Sementara di sudut ruangan, bertumpuk banyak kardus berbagai ukuran, serta ada sebuah meja kerja di sebelahnya yang penuh dengan tumpukan map berwarna coklat.

Gerri mengepalkan tangannya kuat-kuat, giginya bergemeretak hebat, air mata tiba-tiba jatuh mengaliri pipinya. Ia mendekat ke arah mayat gadis kecil tadi, tangannya dengan gemetar mengelus pucuk kepala sang gadis. Air matanya mengalir semakin deras.

"Clara...."

Gerri bersimpuh di lantai. Ia berusaha menahan tangisannya agar tidak menimbulkan suara. Dayu ikut bersimpuh di samping Gerri, kemudian mengelus pundak Gerri pelan.

"Pembunuh! Lihatlah betapa kejinya mereka! Mereka sudah membunuh Clara!" seru Gerri penuh amarah.

"Hantu gadis kecil tadi pagi adalah Clara?"

"Ya! Clara adalah temanku di panti. Dia gadis yang baik. Nggak seharusnya mereka membunuh Clara!"

"Aku mengerti kamu sangat marah, Gerri. Tapi, kita harus secepatnya keluar dari sini. Mereka semua nggak suka kita."

Dayu menoleh ke sekelilingnya. Hanya ia yang bisa melihat tatapan-tatapan kosong hantu dari anak-anak yang sudah Bu Dewi dan Pak Winarto bunuh. Sekarang Dayu bisa melihat wujud mengerikan mereka secara jelas, setelah sebelumnya yang mereka tampakkan kepada Dayu adalah wujud yang normal. Semuanya tidak memiliki bola mata, perutnya juga bolong, dan organ dalamnya tidak ada. Mereka melayang dan mengitari Gerri dan Dayu.

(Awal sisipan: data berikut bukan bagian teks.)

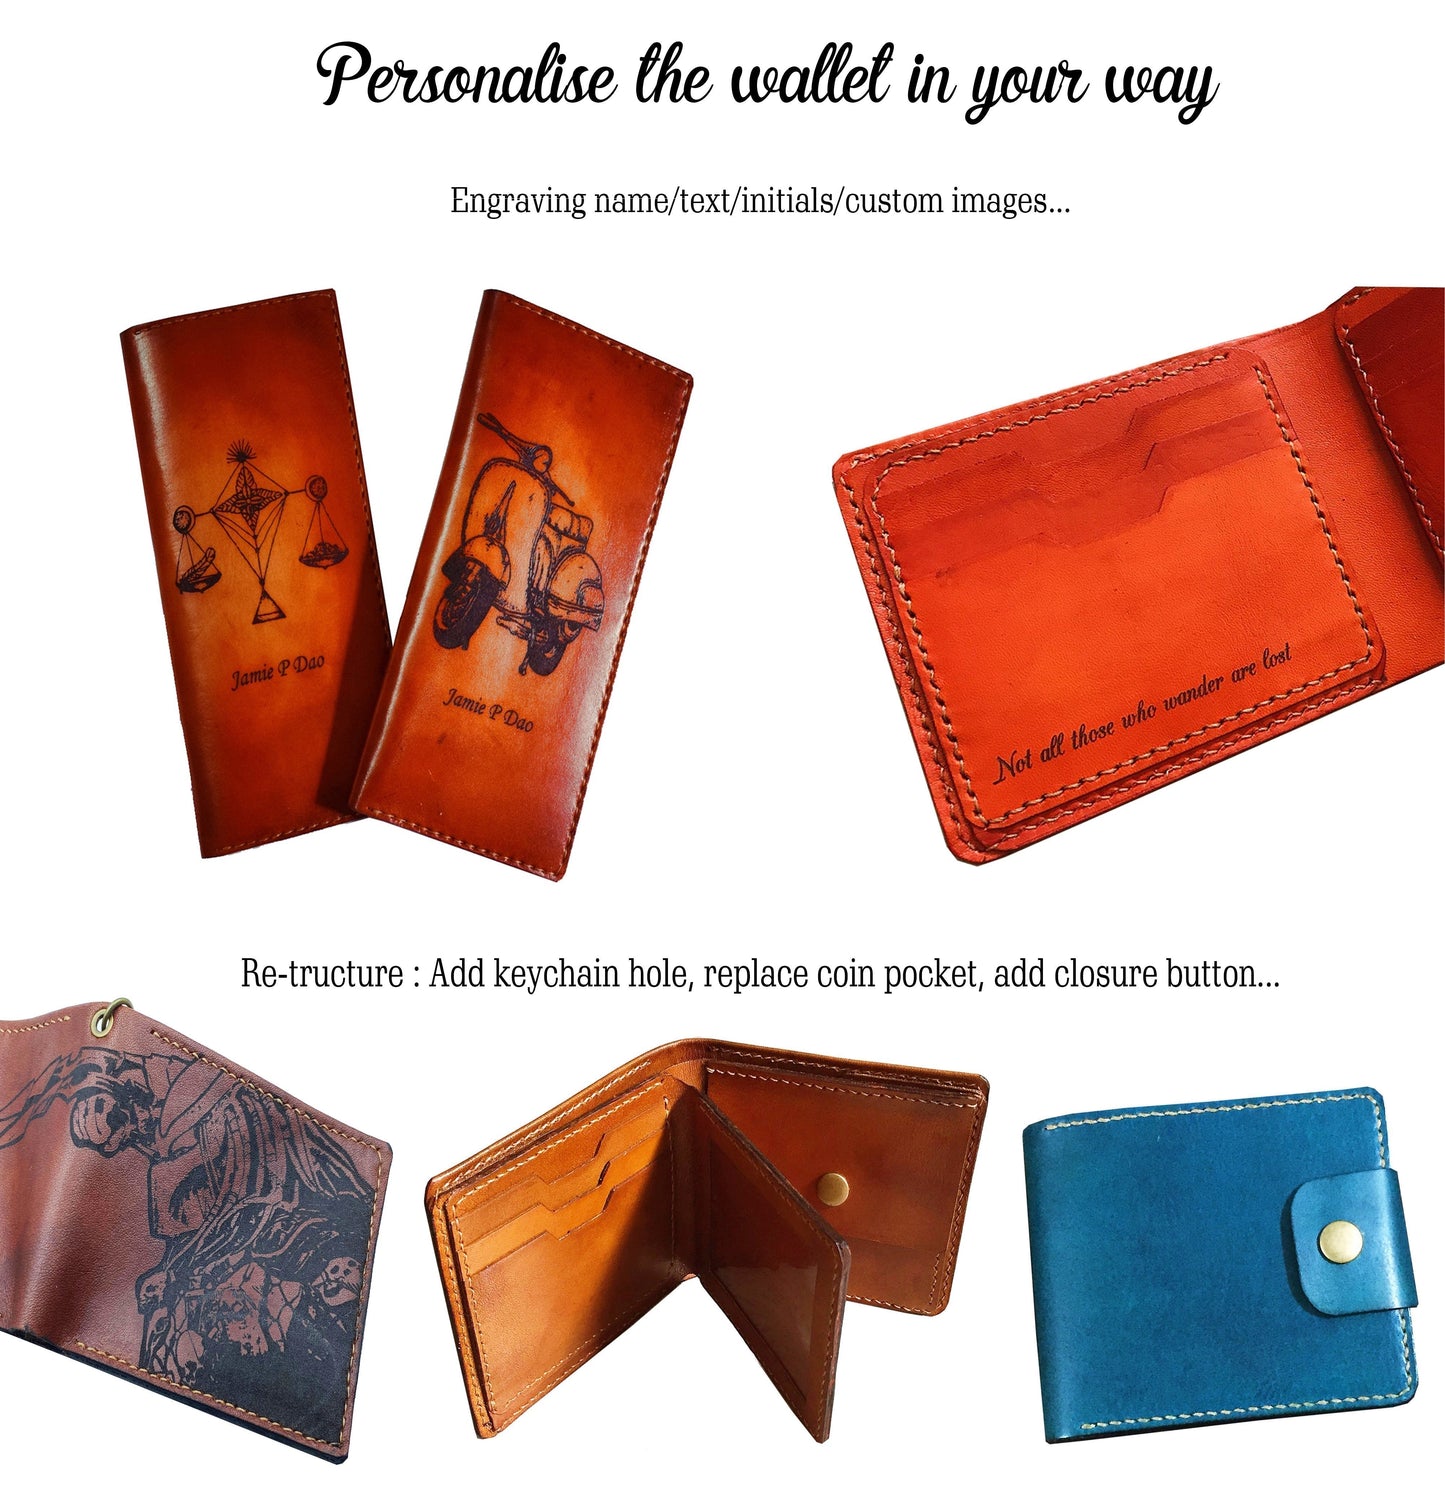 Mayan Corner - Personalized genuine leather handmade wallet, leather gift ideas for him, ninja turtle leather art wallet - 01112216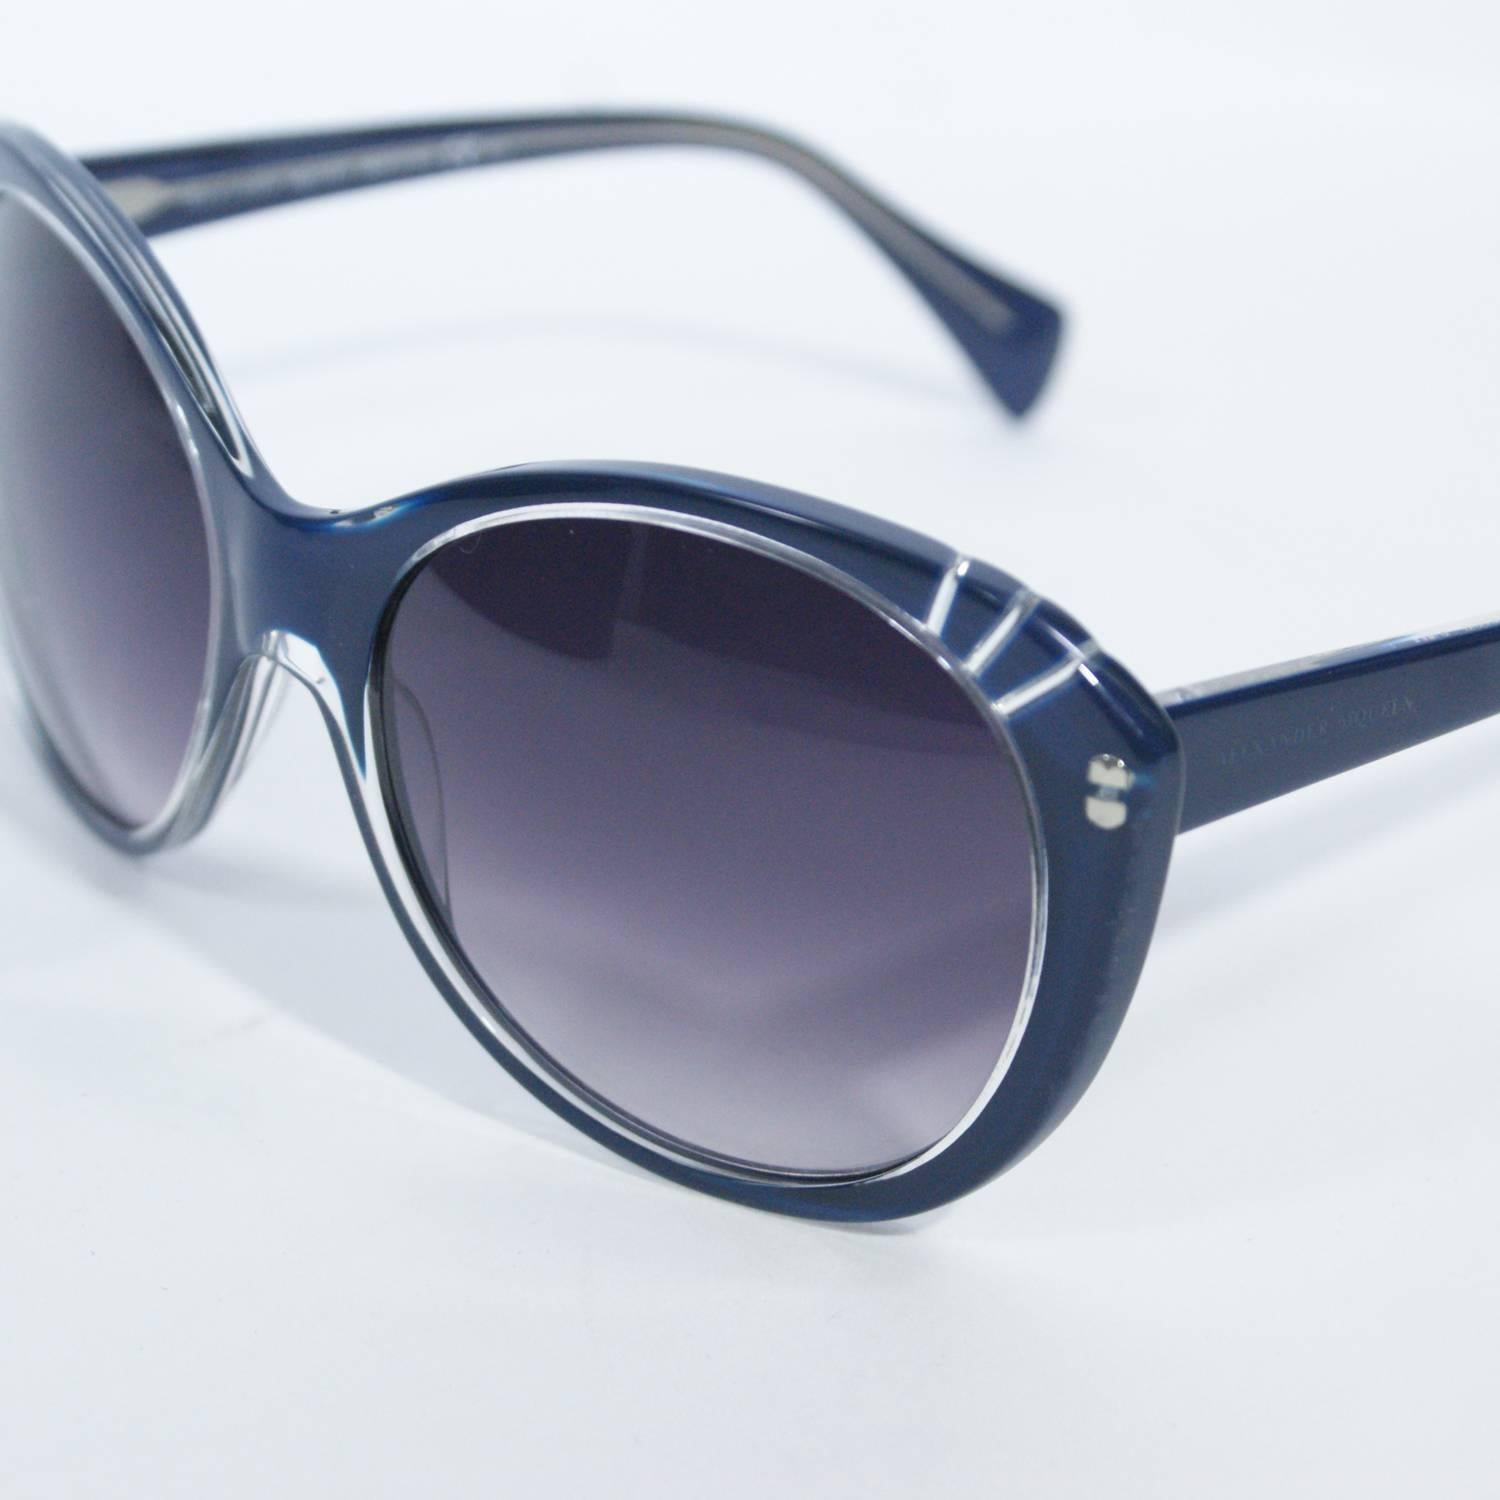 Alexander McQueen Navy Blue Sunglasses In Excellent Condition For Sale In Narberth, PA

Gerri mengusap air matanya kasar, kemudian mereka berdua segera keluar dari ruangan itu. Tak lupa Dayu menutup pintunya dengan hati-hati sebelum mereka berdua benar-benar pergi. Gerri langsung melenggang ke kamarnya. Dayu menghela nafasnya sekejap kemudian segera mengejar Gerri. Ternyata Gerri tidak sekuat dugaannya, ia juga bisa menangis.

Gerri membenamkan wajahnya pada bantal, ia masih terus menangis. Kedua matanya sudah bengkak, berwarna merah dan tidak bisa keluar air mata lagi. Dayu hanya bisa menatap Gerri yang telungkup di sampingnya. Ia tidak tahu harus menenangkan Gerri bagaimana lagi. Dayu hanya bisa menunggu Gerri lelah menangis dengan sendirinya.